Activity ▸
Everything from the line containing "Researchers Study Factors" through the line containing "Illustration of Stickman" should be repeated exactly, and nothing else from the data.

Data supplied section start

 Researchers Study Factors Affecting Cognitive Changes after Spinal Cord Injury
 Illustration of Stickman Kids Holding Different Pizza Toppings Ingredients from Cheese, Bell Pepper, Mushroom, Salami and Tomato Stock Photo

Data supplied section end
Data supplied section start

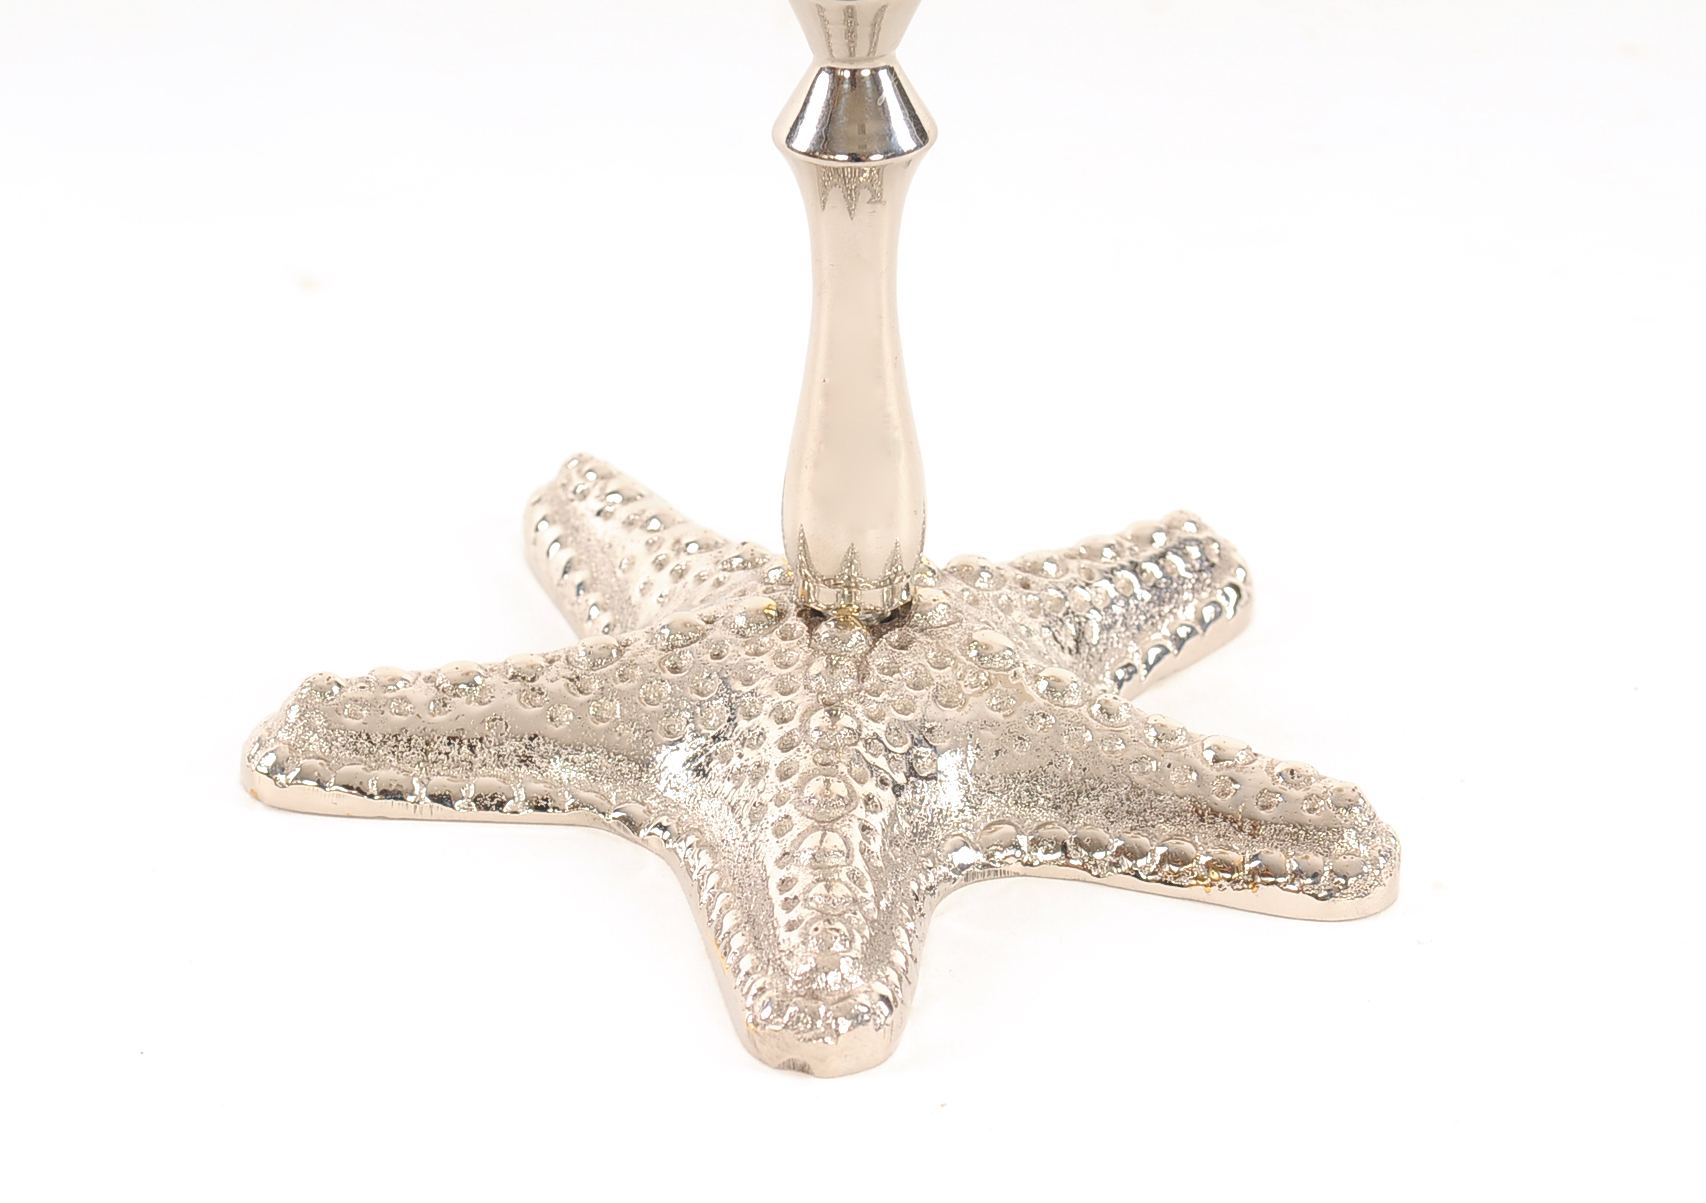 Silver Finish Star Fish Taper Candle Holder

Data supplied section end
Data supplied section start

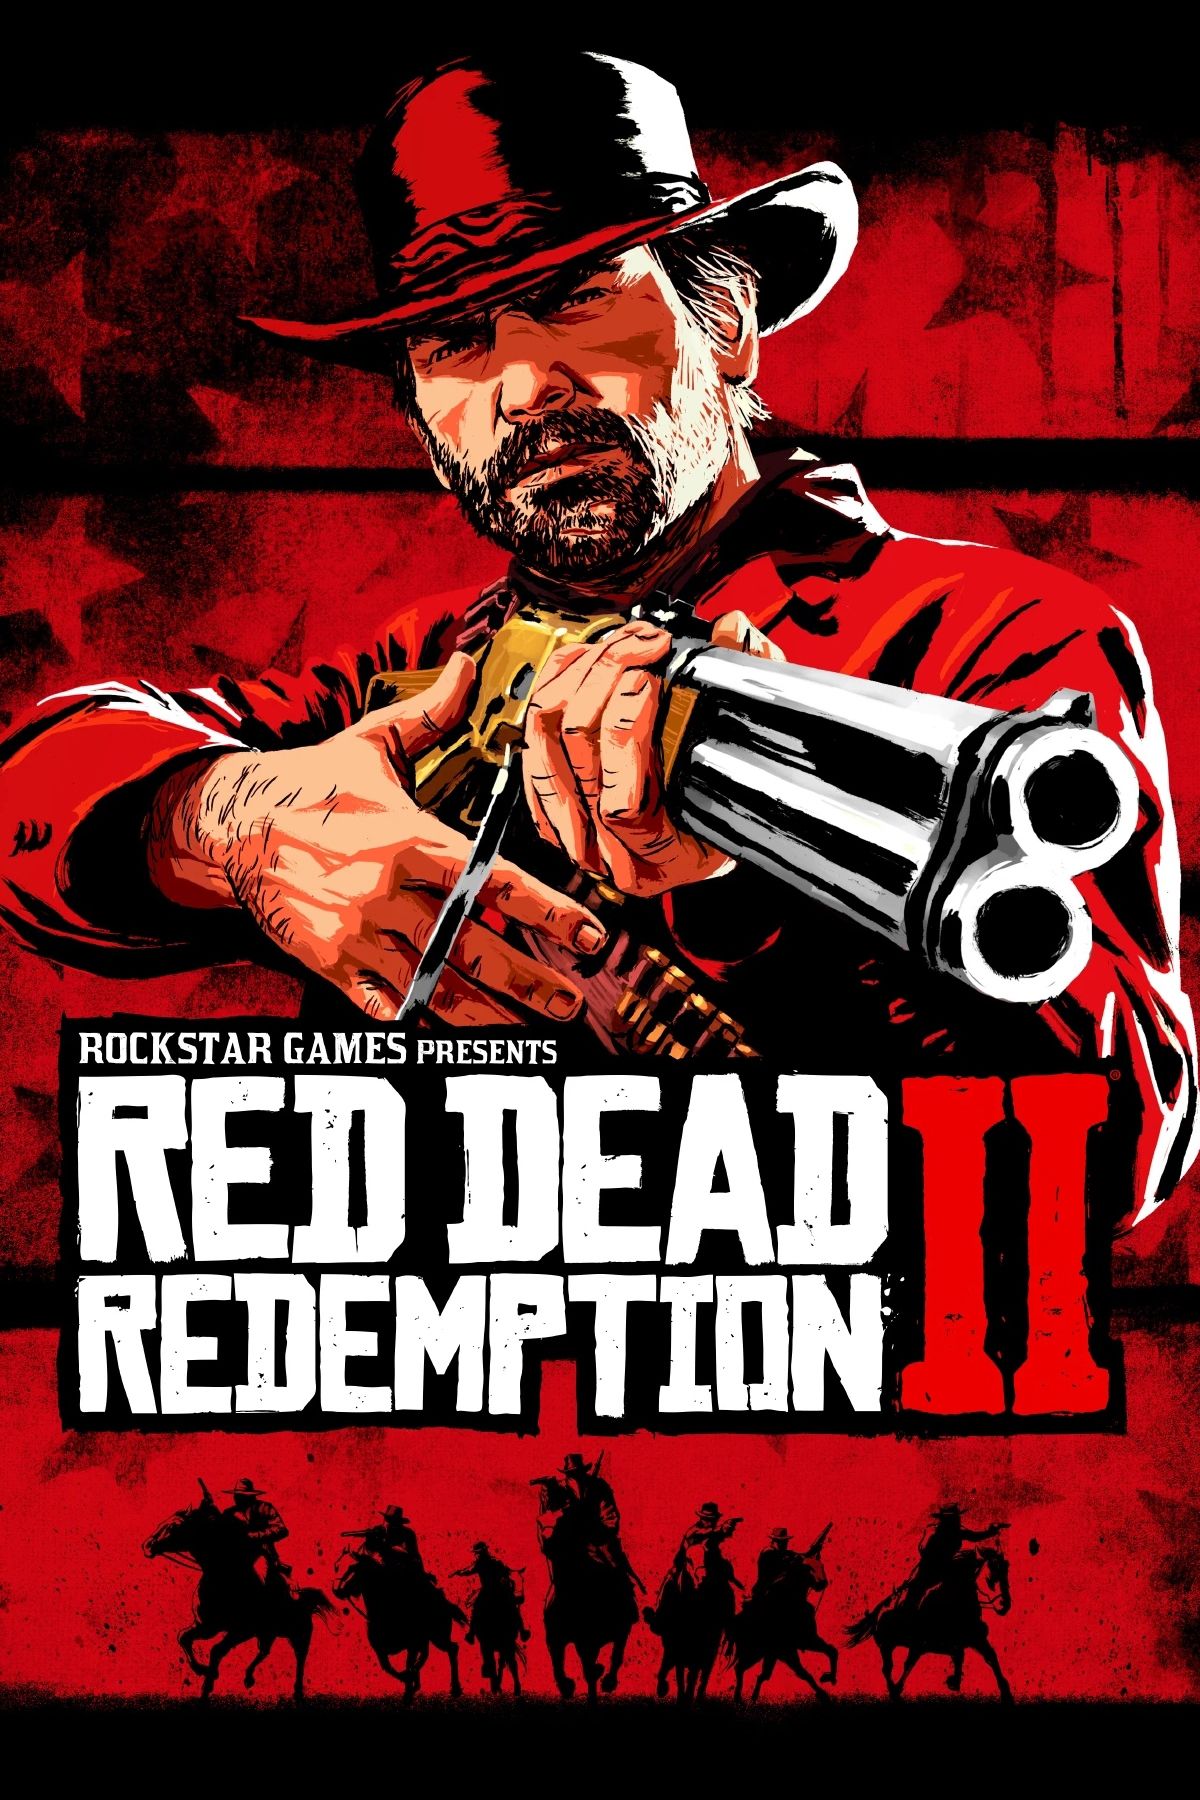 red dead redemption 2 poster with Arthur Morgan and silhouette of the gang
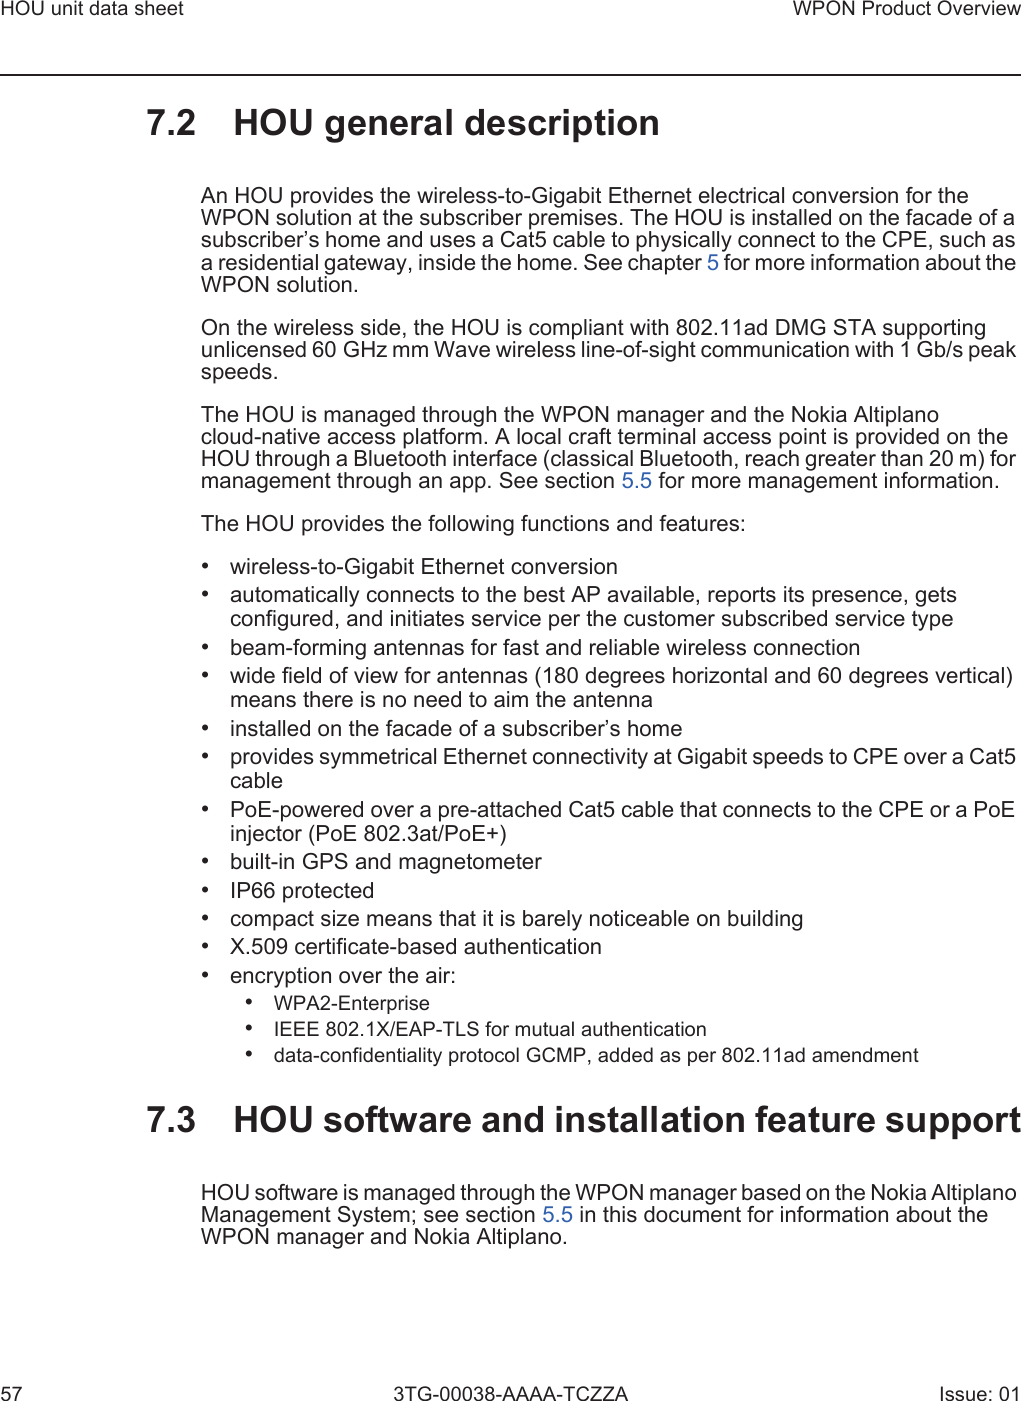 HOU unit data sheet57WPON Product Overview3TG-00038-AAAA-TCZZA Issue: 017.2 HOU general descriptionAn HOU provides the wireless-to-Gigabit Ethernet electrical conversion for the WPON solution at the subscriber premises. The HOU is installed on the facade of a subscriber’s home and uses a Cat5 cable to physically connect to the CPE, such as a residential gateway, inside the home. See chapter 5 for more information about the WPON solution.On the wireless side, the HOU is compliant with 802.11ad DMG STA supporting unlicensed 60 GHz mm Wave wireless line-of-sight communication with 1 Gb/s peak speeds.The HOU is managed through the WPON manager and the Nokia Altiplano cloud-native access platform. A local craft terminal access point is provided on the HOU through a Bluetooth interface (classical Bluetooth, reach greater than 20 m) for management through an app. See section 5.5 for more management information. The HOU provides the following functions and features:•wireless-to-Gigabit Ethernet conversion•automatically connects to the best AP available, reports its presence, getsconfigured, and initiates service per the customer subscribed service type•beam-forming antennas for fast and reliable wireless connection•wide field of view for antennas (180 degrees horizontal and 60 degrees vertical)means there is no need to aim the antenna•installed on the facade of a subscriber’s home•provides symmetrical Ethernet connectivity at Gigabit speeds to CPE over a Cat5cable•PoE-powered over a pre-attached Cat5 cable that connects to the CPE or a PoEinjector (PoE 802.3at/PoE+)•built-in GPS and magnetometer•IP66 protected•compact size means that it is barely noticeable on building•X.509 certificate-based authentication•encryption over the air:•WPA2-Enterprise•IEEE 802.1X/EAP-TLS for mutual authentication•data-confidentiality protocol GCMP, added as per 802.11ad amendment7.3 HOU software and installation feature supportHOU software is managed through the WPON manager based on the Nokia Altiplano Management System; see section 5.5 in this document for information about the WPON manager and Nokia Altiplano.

Data supplied section end

Reply to the exercise ▸
 Researchers Study Factors Affecting Cognitive Changes after Spinal Cord Injury
 Illustration of Stickman Kids Holding Different Pizza Toppings Ingredients from Cheese, Bell Pepper, Mushroom, Salami and Tomato Stock Photo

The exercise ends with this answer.